- Born: 13 November 1962 (age 63) Maisons-Alfort, Val-de-Marne
- Known for: Being imprisoned, raped and tortured by her stepfather
- Parents: Raymond Gouardo (stepfather) (father); Lucienne Gouardo (stepmother) (mother);

= Lydia Gouardo =

French woman (born 1962)

Lydia Gouardo (born 13 November 1962) is a French woman, born in Maisons-Alfort, Val-de-Marne, who was imprisoned for 28 years, raped, and tortured by her stepfather, Raymond Gouardo, in their home in Meaux and Coulommes in Seine et Marne. The abuse took place from 1971 to 1999.

==Background and disappearance==
Lydia gave birth to six children, all by her stepfather, who was born in Paris on 24 May 1937. During her imprisonment, she escaped and phoned legal aid, but her stepfather recaptured her in a family residence in Melun. She was finally freed on 20 November 1999 when her stepfather died. The abuse started when she was eight years old.

Lydia claimed to have run away from her stepfather when he hit her too hard but was always brought back by the police when she was a minor. She claimed to have not realized that the abuse was unusual. She bears the scars of her torture from her neck to her ankles from where her captor burned her with boiling water and hydrochloric acid. She still lives in the same house with the attic where she was locked up in, but she does not venture up there anymore.

==Aftermath==

She wrote a book about her story, Le silence des autres (The Silence of Others), with the French journalist and writer Jean-Michel Caradec'h in 2008. She admitted that it was the worldwide news of the Fritzl case that made her talk; she said she wanted to be friends with Elisabeth Fritzl because she would feel less alone and she could support her. Gouardo believes the world "ignored her ordeal" as an incest and abuse victim. In her book she criticises the media and authorities for neglecting her case, if it were not for the Fritzl case.

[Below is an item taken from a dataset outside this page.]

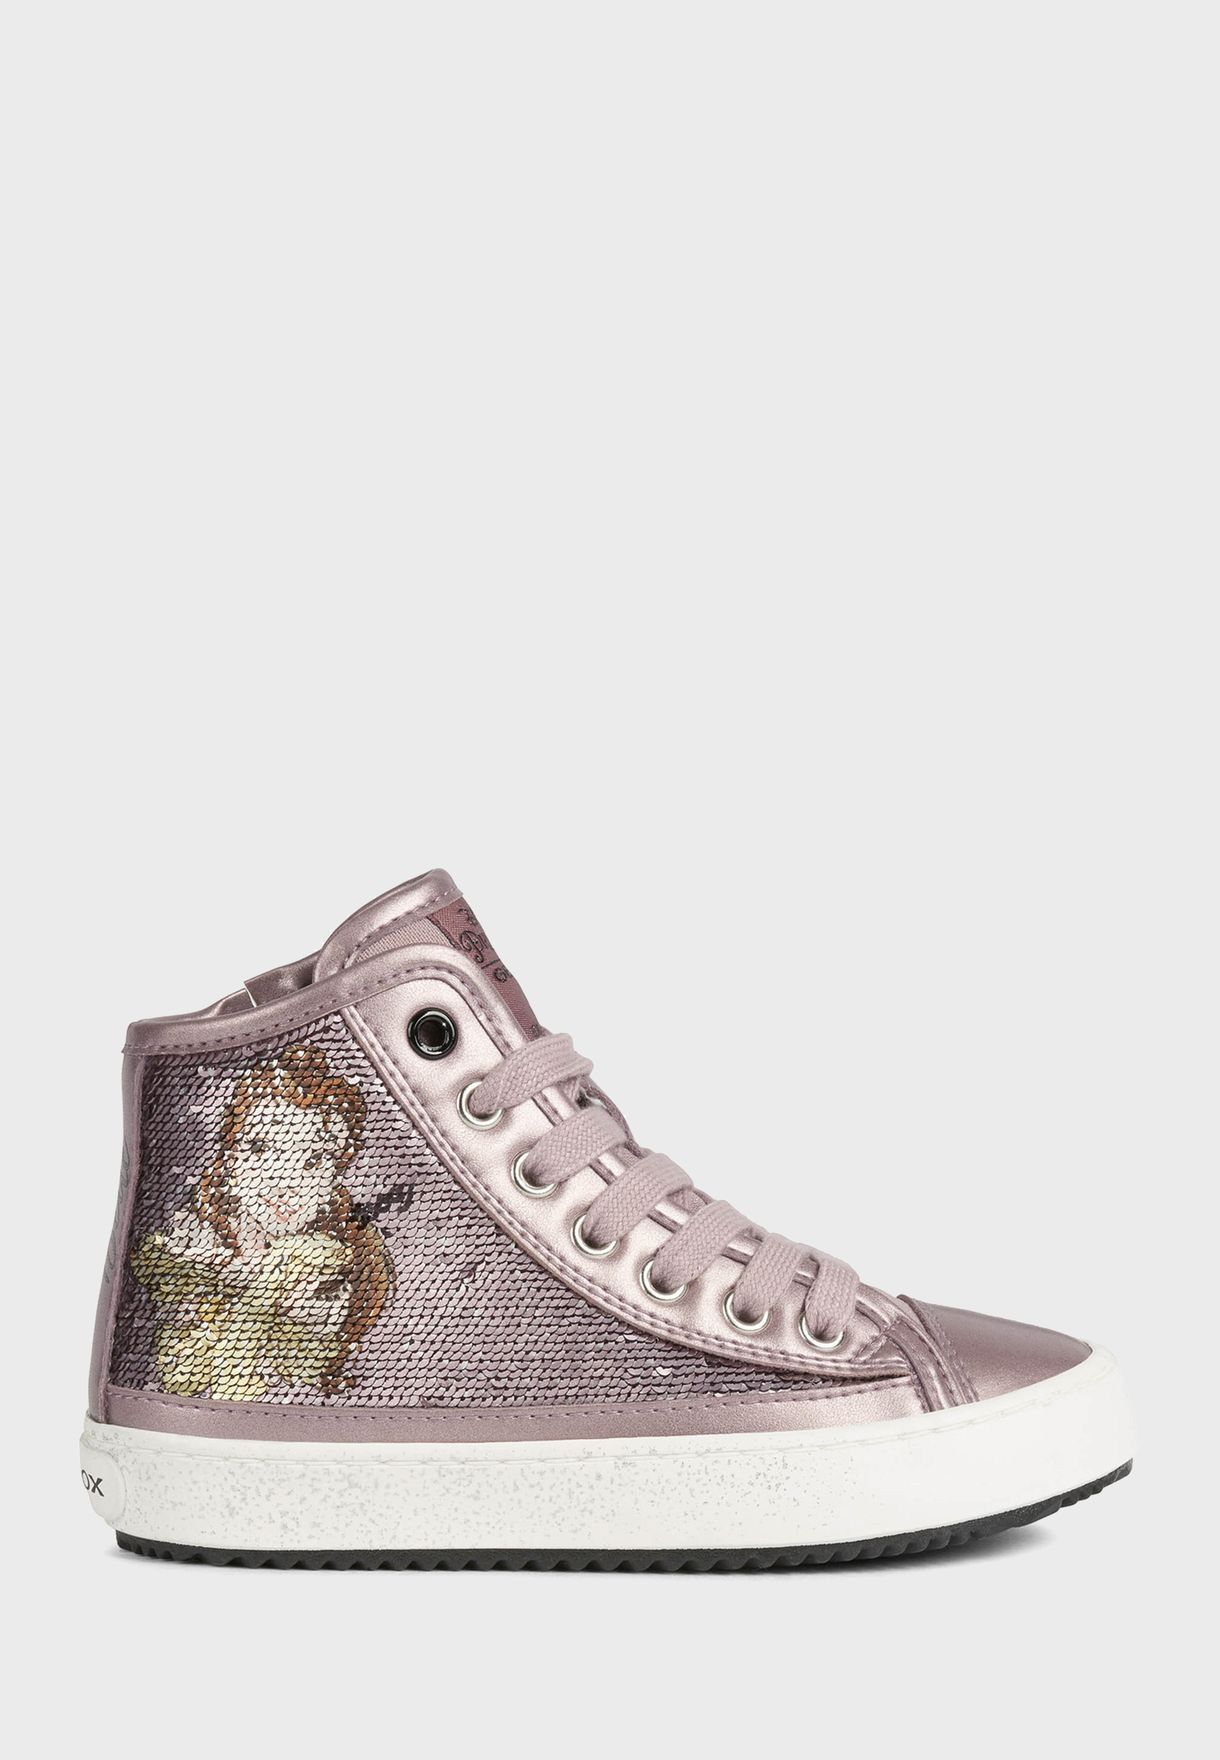 Kids Kalispera Lace Up High Top Sneaker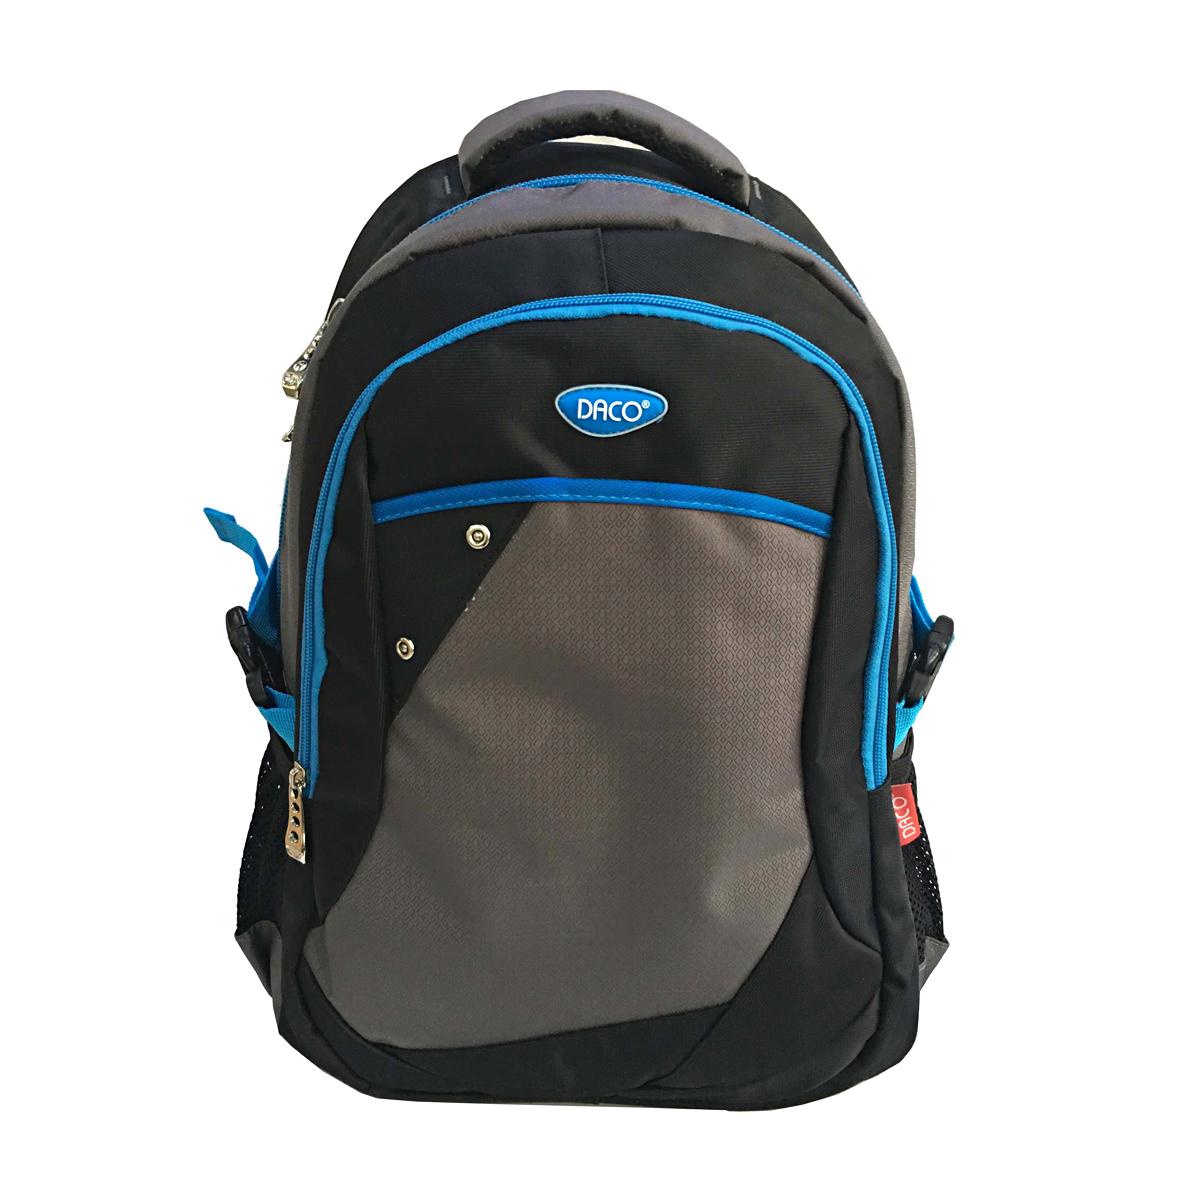 Ghiozdan Pentru Adolescenţi, 46 Centimetri, Albastru & Gri, Daco, GH506

Her stepmother Lucienne was convicted in a closed-door trial for failure to report the crimes she was aware of and for sexual abuse against one of Lydia's children, and was given a three-year suspended jail sentence; however, the prosecution appealed and her sentence was increased to a four-year suspended jail sentence.

Police also suspect Raymond Gouardo in the murder of four other girls in the Paris area in 1987. Raymond's body was exhumed to extract his DNA for tests on one of the victims which have not shown any link with Gouardo and other evidence is circumstantial.